May 25, 2012
This is most definitely a holiday weekend, but, depending on who you are and what your lifestyle is, the holiday will be completely different.
Uniquely, this is one of the rare occurrences when the three-day Memorial Day weekend completely overlaps with the Jewish Sabbath and the two-day holiday of Shavuot – the Festival of Weeks. (Because it takes place seven weeks after Passover). This coincidence of the calendar means that many people in our community will not be celebrating Memorial Day in the typical sense, i.e., backyards, beaches and barbeques but will instead be immersed in what religiously observant Jews call a “three-day yom tov,” or holiday, which means three mornings and four evenings of synagogue attendance and no steaks sizzling on the barbie as the cuisine for Shavuot is decidedly dairy. This sets-up the kind of holiday divergence usually seen between Christmas and Chanukah and Passover and Easter but even more so in that some people have a religious observance and some people will just be kicking-back poolside.
For the fervently Orthodox this coincidence poses no dilemma whatsoever. For many in the Modern Orthodox community there is an undercurrent of angst and dissonance inasmuch as there’s a palpable sense of loss involved – the loss of vacation days and of the opportunity to just have a few days off with few obligations. While nearly all Modern Orthodox will keep Shavuot and block the beach from their minds, in the days leading up to this weekend we heard quite a bit of tooth-gnashing and grinding about it. Many non-Jews and non-Orthodox don’t understand that there’s hardly anything relaxing or restful about three-day Jewish holidays complete with prayer and food-a-thons, irrespective of how meaningful or important they are spiritually. In Hebrew, the word for “service” (as in “services”) is “Avoda,” which also is the same Hebrew word for “work.” It’s not a day at the beach – literally. Suits and ties and high heels (separately for men and women) for three days are not days off. Come Tuesday morning, most of our Orthodox residents will shlep back to work without the benefit of any vacation time but they will have benefited from the uplift of commemorating the anniversary of the giving of the Ten Commandments on Mount Sinai and the privilege of passing this heritage on to their children, which is why they’ll be in synagogue.
For those not observing Shavuot – we heartily urge you to make an effort to attend one of the two Memorial Day parades in our community – there’s the Inwood event on Sunday and the Lawrence-Cedarhurst parade on Monday. See our “Top Picks” section on Page B4 for more information.
Freedom is not free and far too many have paid the ultimate price to secure our lives and liberty. Saluting those who gave their lives and honoring the veterans – those who served, is a civic duty.

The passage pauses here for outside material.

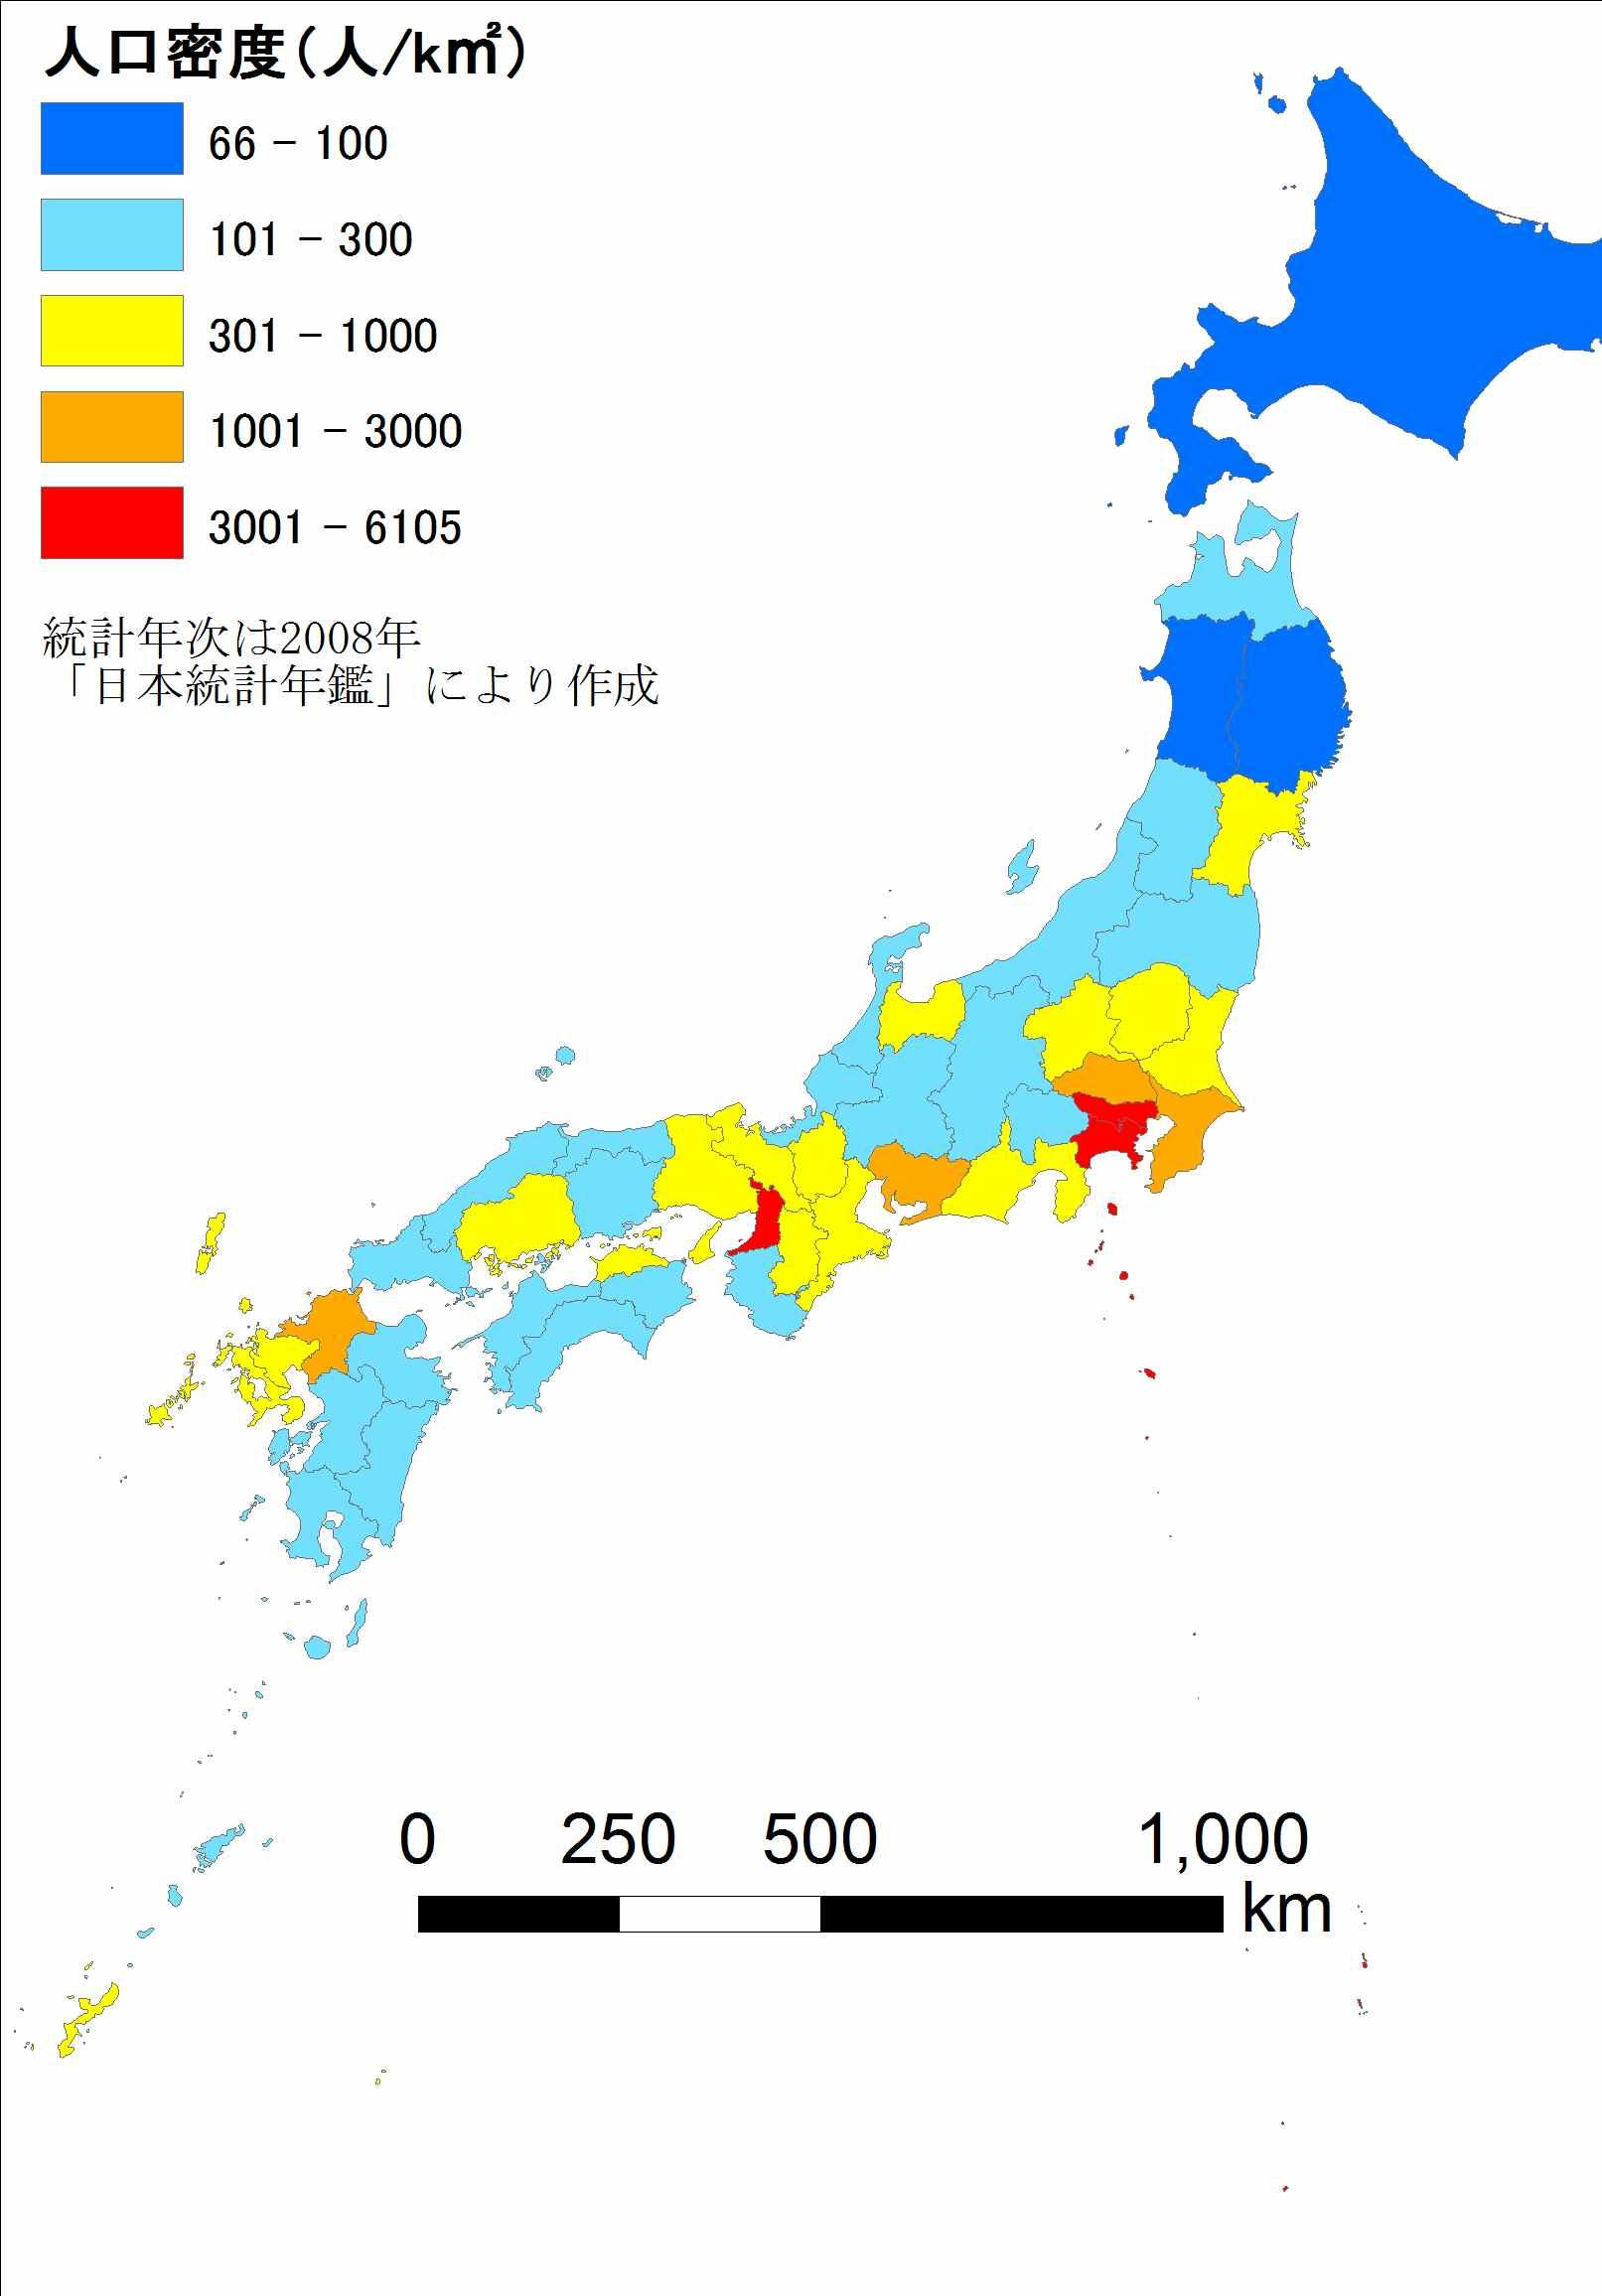 Japan Pop Density : 日本地図 教材 : 日本

It’s good to bring down your kids, it teaches patriotism and children always love a parade. Alas, for the second year in a row, there’ll not be a Hewlett-Woodmere parade. Broadway in Woodmere, bereft as it is of business will now also again be denied any patriotic hoopla.
As we said in this space last year at this time, why we have two and in the past had three separate parades makes no sense. We should stage one big grand Five Towns parade starting at the VFW in Inwood, progressing through Central Avenue in Lawrence and Cedarhurst and then moving through Broadway in Woodmere and Hewlett or starting in Hewlett and ending in Inwood – the direction doesn’t matter much. What matters should be the scale and scope of the parade. A regional event will draw more marching bands, more veterans, more participants including all the fire departments, more spectators and even, yes, more politicians. A large parade could attract local corporate sponsors to underwrite the festivities. We need to have one united Five Towns parade. We call on the leaders in Inwood, the village governments in Lawrence and Cedarhurst and the business associations and fire departments in Woodmere and Hewlett to all get together in a room somewhere and join forces to make a really spectacular event. This shouldn’t be about turf or control – this should be about honoring our brave fallen heroes and surviving veterans in the best possible way.